Why hasn't it happened with video conferencing then?

I once did an 'always on' google hangout with another guy when I was working on a software project with him. It was remarkably effective substitute for being in the same room. Key was it was always on and we could speak to each other when necessary. Nobody does this although in the companies I have worked in.

Also many meeting spaces have microphone quality issues, and it can be hard to hear people in the other meeting room as they have conversations with each other.

Culturally I think it will be hard to pull off, virtue of video conferencing not being used in the same way today.

I've worked remotely at a few companies, some of which were "remote first" and some of which weren't.

I'm always surprised by the fact that more companies don't adopt the "always on" google hangout. It's literally in the name of the service, "hangout" yet people use it like a traditional conferencing tool.

If more people adopted it as a ROOM that you all worked in, I have a feeling many of the remote nay sayers would at least feel a little bit better about things.

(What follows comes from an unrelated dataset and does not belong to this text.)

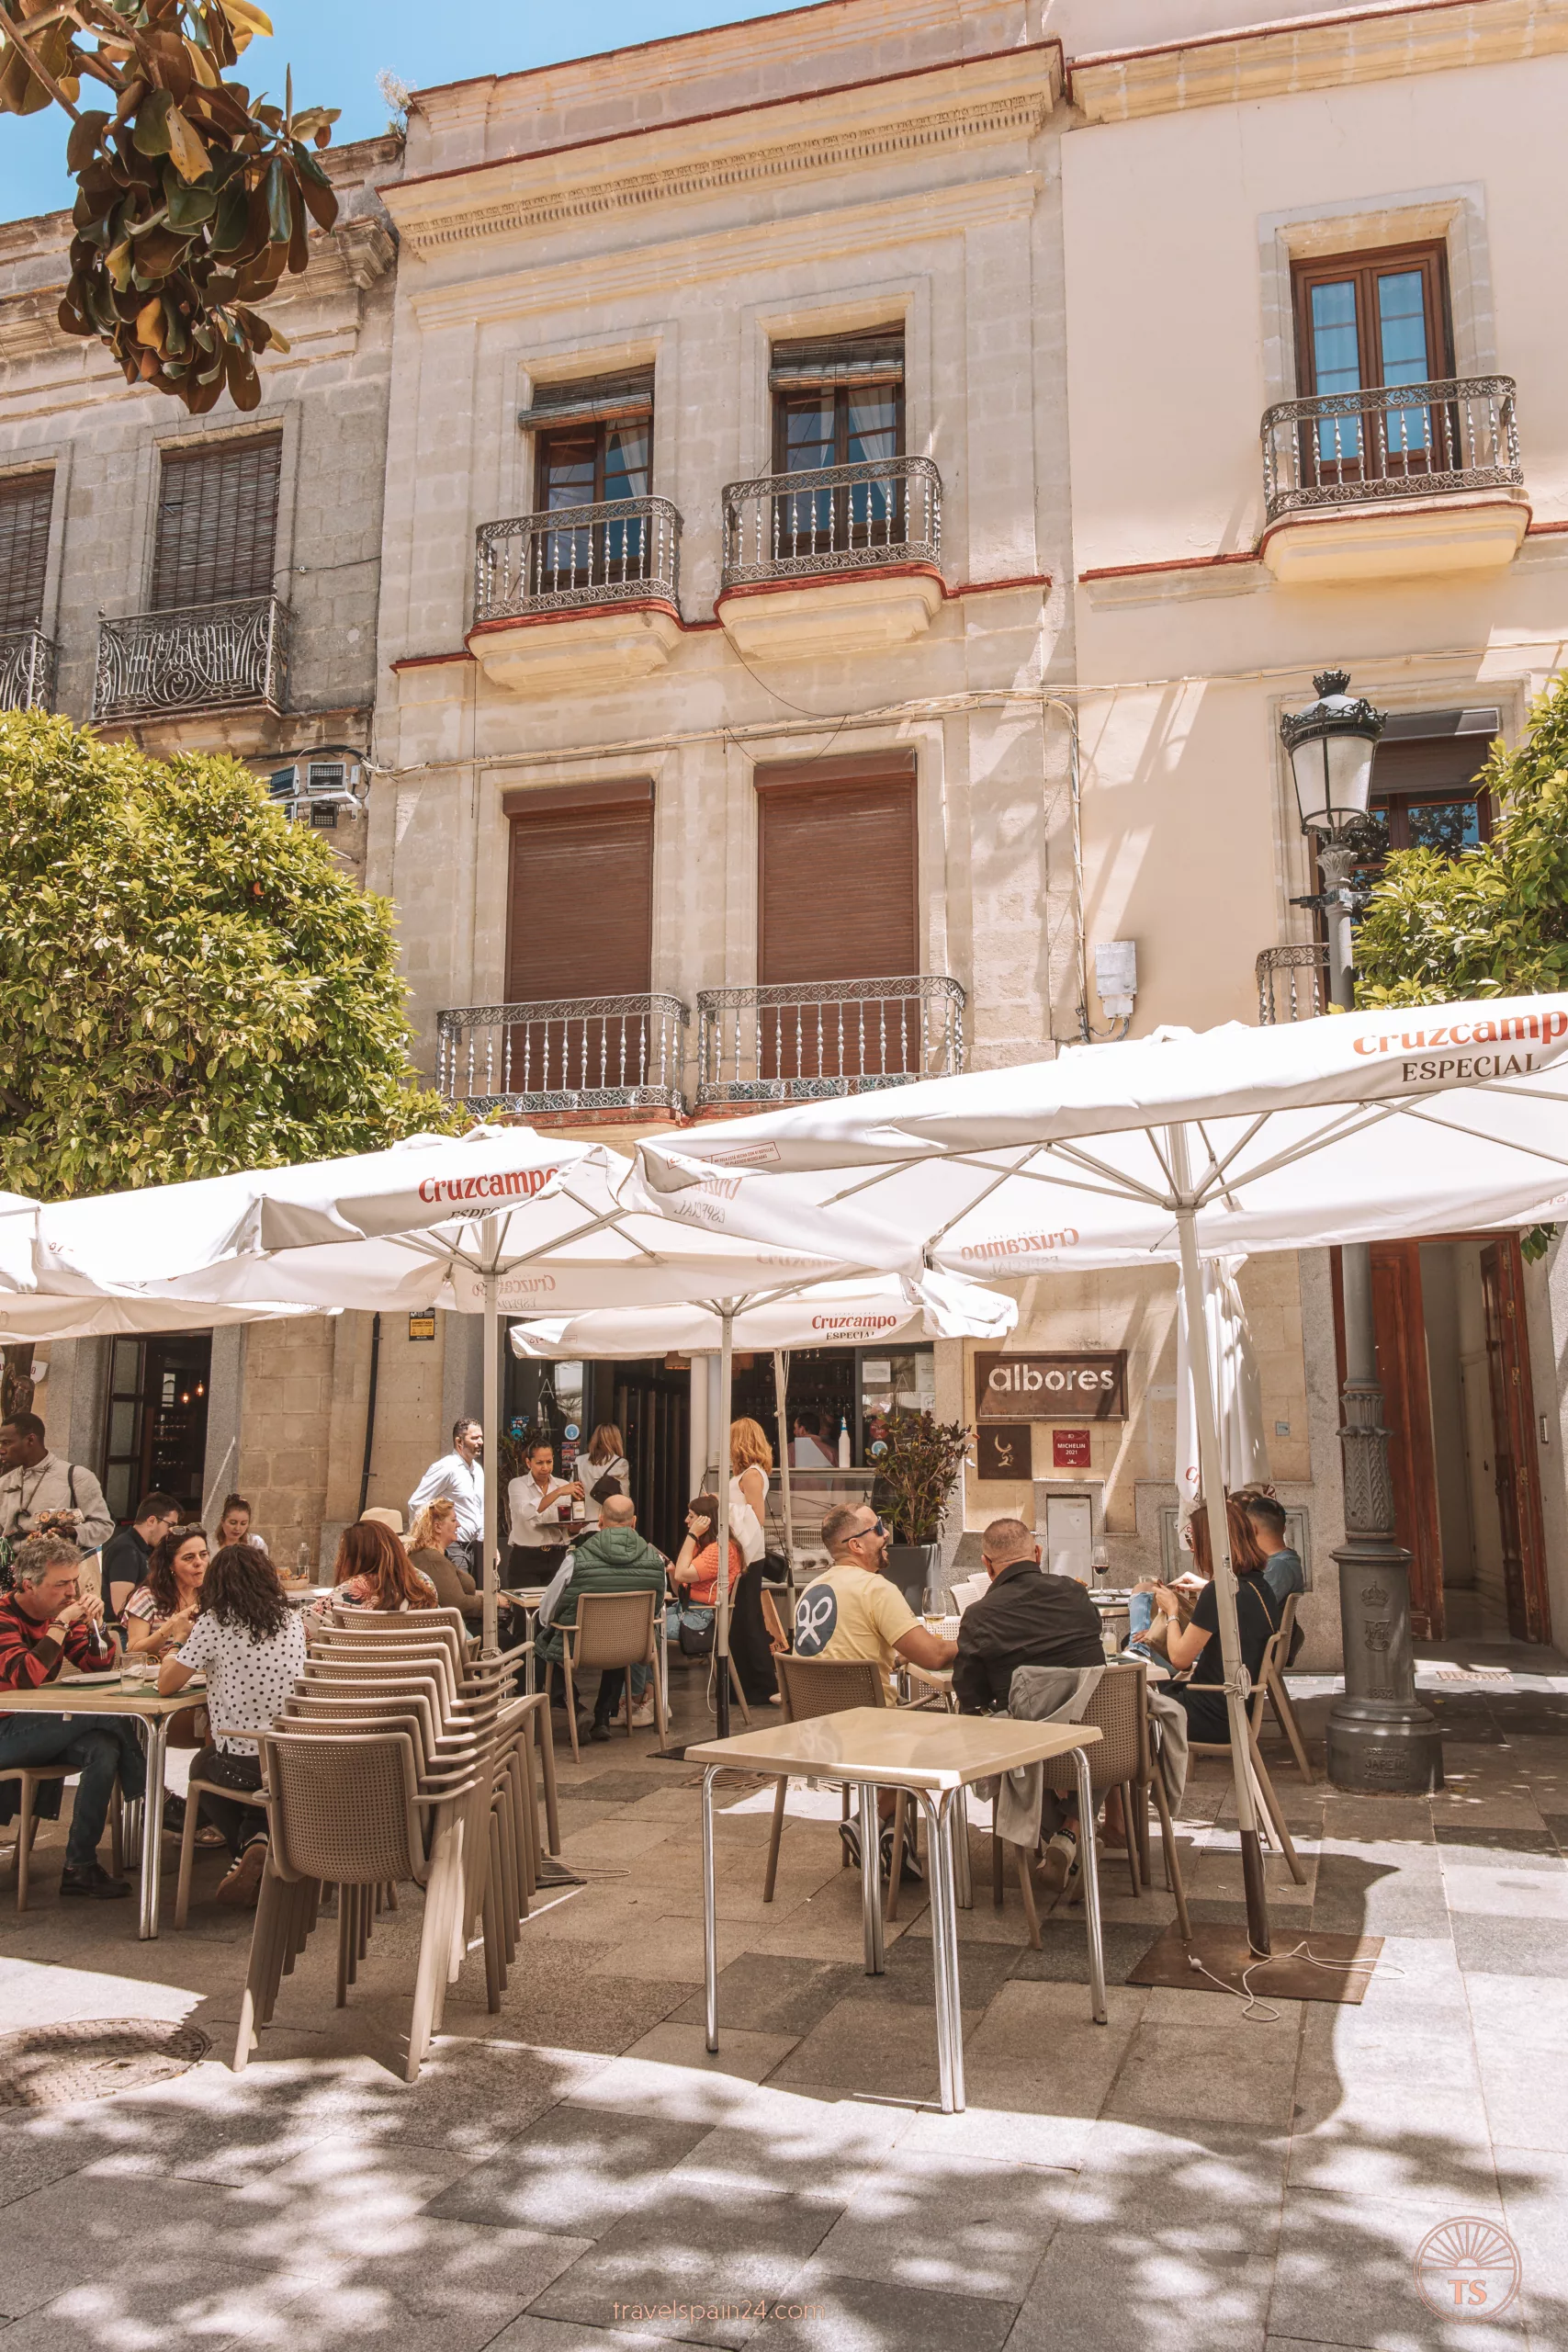 Entrance to Bar & Restaurante Albores in Jerez de la Frontera, with diners enjoying tapas and drinks outside. This image relates to the post by showcasing a favorite dining spot in Jerez de la Frontera.

I agree with you but not till the headsets get lighter. I don't think I want to wear that thing for even a few hours a day when all I'm doing is email and coding.

Latency/talking over each other always seems a problem for group voice conversations when you have any real latency. So if 50ms is your speed-of-light network limit, it's tricky.

Perhaps some very very clever voice reordering software could help, not sure. For now text chat works better.